For an email marketing campaign advertising sneakers whose goal is to drive conversion rates, our model provides image augmentations or alternate images that have historically proven to showcase better conversion rates. This is a single RealTimeML use case inferring higher engagement rates prior to the campaign engineer clicking send. A consideration can be made that when you blend one or more models together, such as this Data Augmentation model with a Send Time optimization model, you could derive higher engagement rates. These rates are shown as an inference in an in-session recommendation all in RealTime.

Ⅳ. Notebook Usage

The Data_Augmentation_Model.ipynb notebook hosts the final product where it asks for an image input and features a drop down menu for these variables:

{Target variable, Campaign Type, Industry Type, Sneaker Type}.

The make_prediction_recommendation function gives the following:
  1. Probability of conversion for the selected image in RealTime
  2. Augmented images and their predicted probabilities of conversion
  3. Recommendations on the best augment and probability of conversion
  4. Alternate images and their probabilities of conversion
  5. Recommendations on the best alternate image and probability of conversion

We note that the image recommendations are derived from a Neural Network model designed to model real-world conversion rates. There is no causal explanation for these RealTIme Online predictions; however, we are able to deduce that the recommended images and image augmentations will be the most effective in driving higher engagement rates and ultimately conversions.

Ⅴ. Constraints/Limitations

Due to GPU limitations in Google Colab, only 5000 of 60000 images were used in training. This reduced dataset, however,does not impact the accuracies of our models. Test accuracies for the image embeddings to their respective augment labels were at 99.5%. Utilizing more images in training does not increase conversion rate accuracy, as it merely improves the categorization process of image embedding extractions – which already proves to have a high success rate.

Different image sets will require different image embedding extraction methods (e.g., handwatch images - ResNet34 CNN; shoe images - ResNet50 CNN) Certain image objects require more deep training than others. As we begin to work with additional datasets we will report on which ResNet Layer CNN work best with each type of product.

Google Colab has runtime issues with accessing folders with large amounts of images – file path scans through a folder of 60000 images at times results in an error.
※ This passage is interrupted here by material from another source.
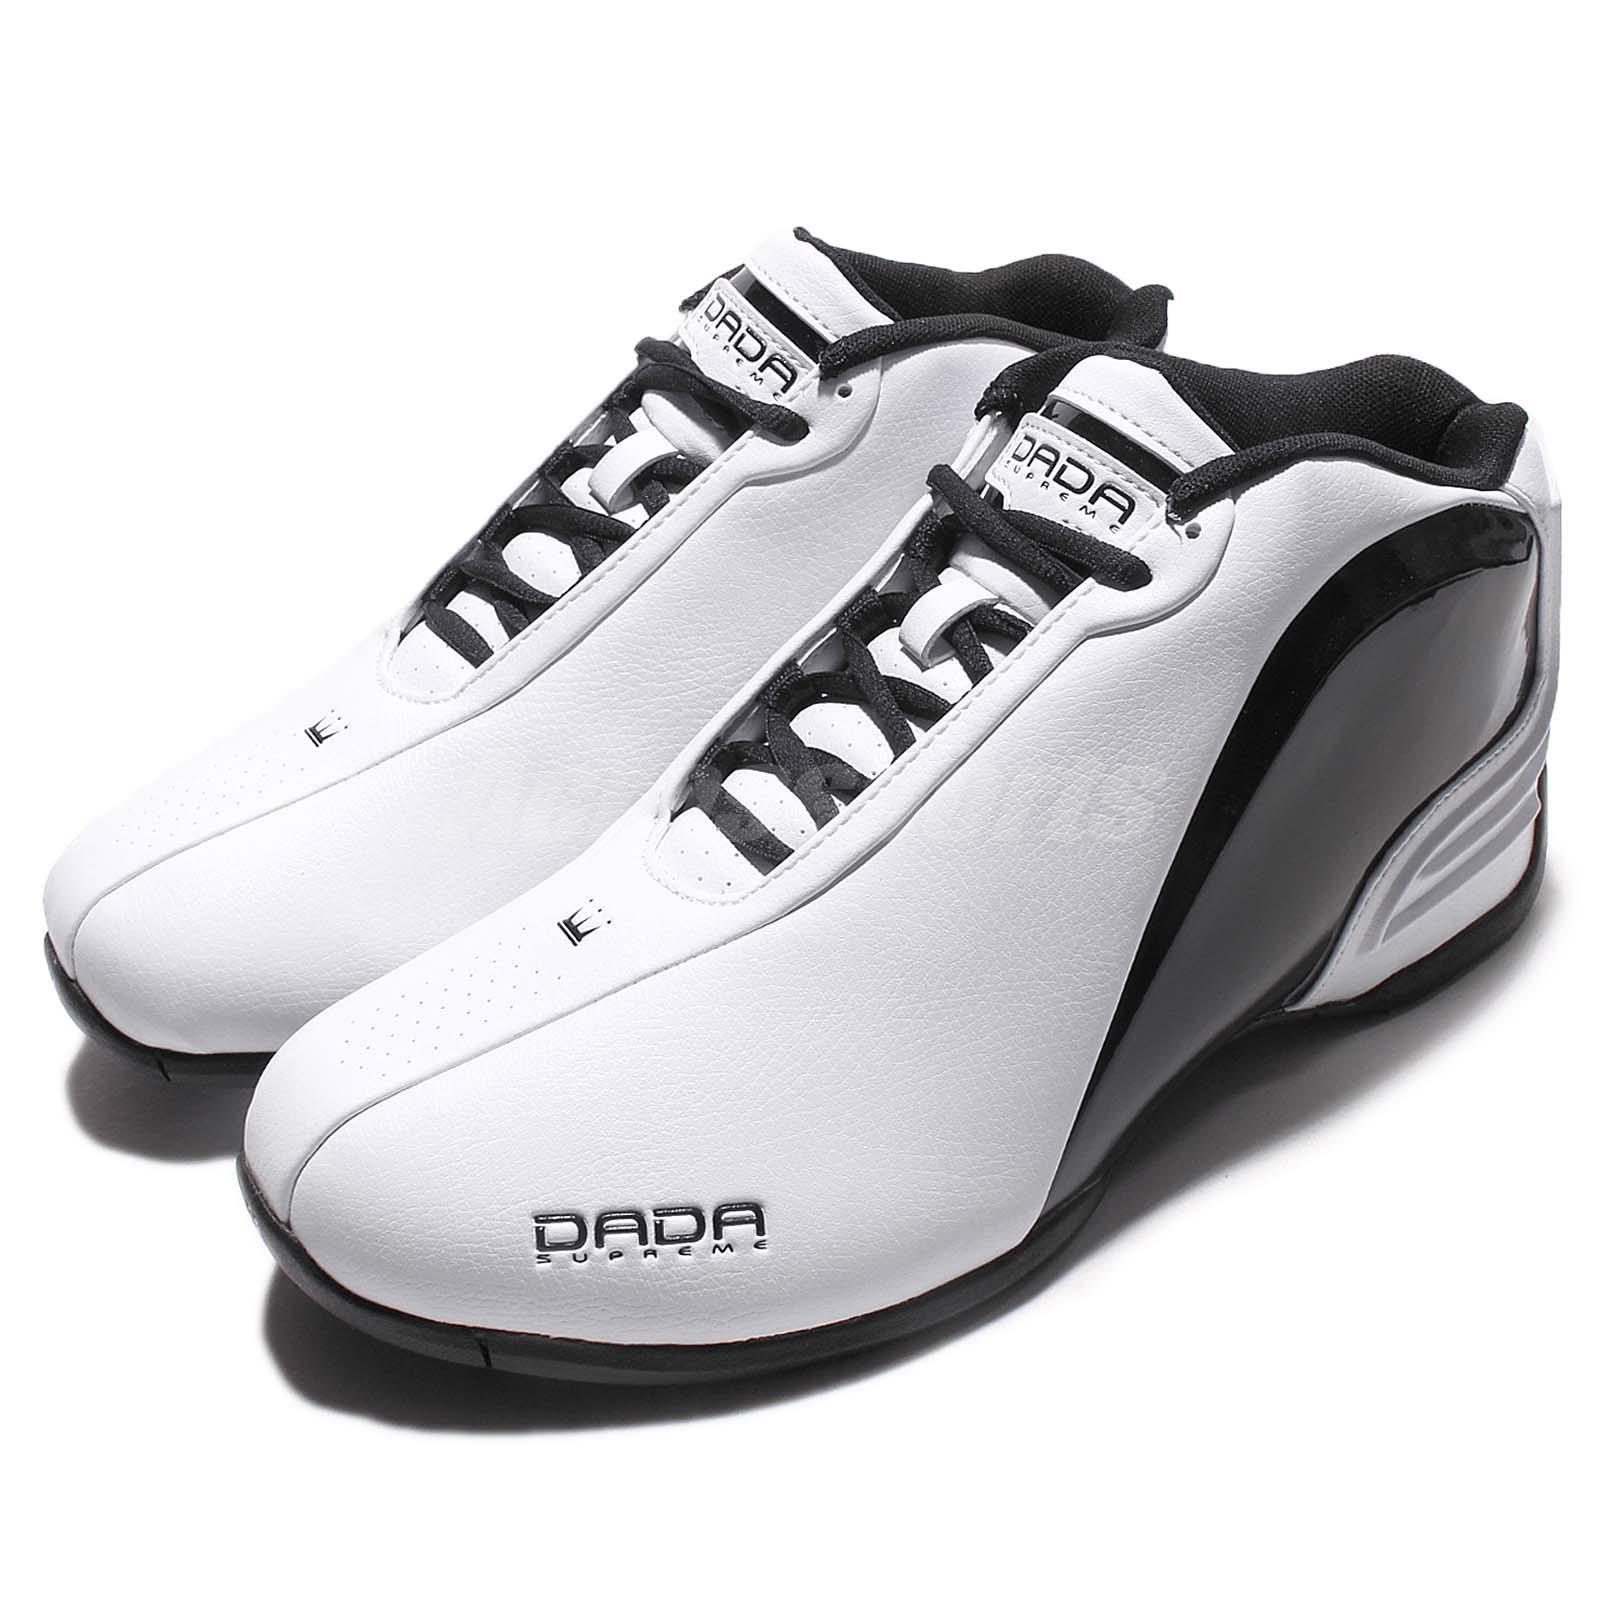 6fdf6091ab3045 Chris Webber Dada Shoes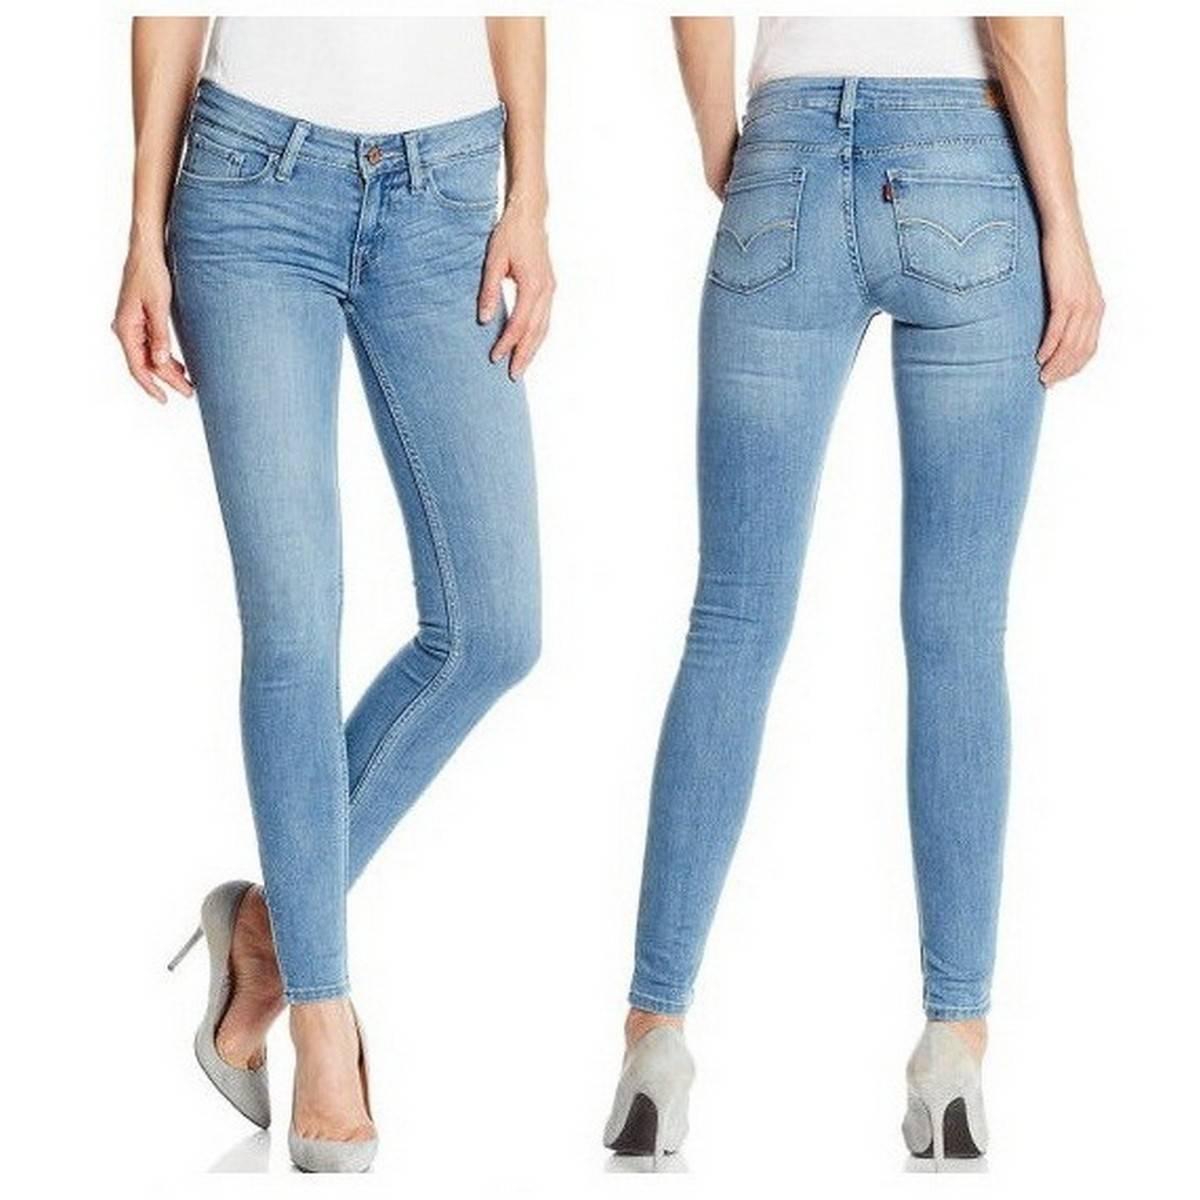 Denim Sky Blue Jeans For Women

If the make_predictions_recommendation function gives an input error for an image, simply run the function again.

Ⅵ. Conclusions

As the data augmentation model is based on real-world data, the effectiveness of our predictions and recommendations will be directly correlated to the conversion rates of the alternate and augmented images.

For example, if there are 8 of 10 conversions for brighter images, our model predicts a successful conversion at an 80% rate. In summary, historical data is paramount and acts as the basis for our predictions model that recommends the best alternate and augmented images for driving optimal conversion rates.

Ⅶ. Future Considerations

Depending on the image dataset – currently, our model is based on images of sneakers – we will look to add more image augmentation techniques like changing the background color or changing the color of a certain aspect of the image object. For example, if our model is based on hand watch images, then changing the band color would be of interest. Our current lineup of image augmentation techniques are fairly broad and can be applied to multiple image objects; however, more specific augmentation techniques can be applied given a specific image object.
RealtimeML Predictions based on image augmentation is part of the family of RealTImeML models at Loxz Digital.

Ⅷ. About Casey Yoon

Casey Yoon is a Data Scientist with a Masters Degree in Information & Data Science from the University of California, Berkeley. As a relatively new hire as of November 2021, he looks to make his mark in the email space with his experience in computer vision and building machine learning models, which has enabled him to develop the RealTime Data Augmentation Model for Loxz Digital.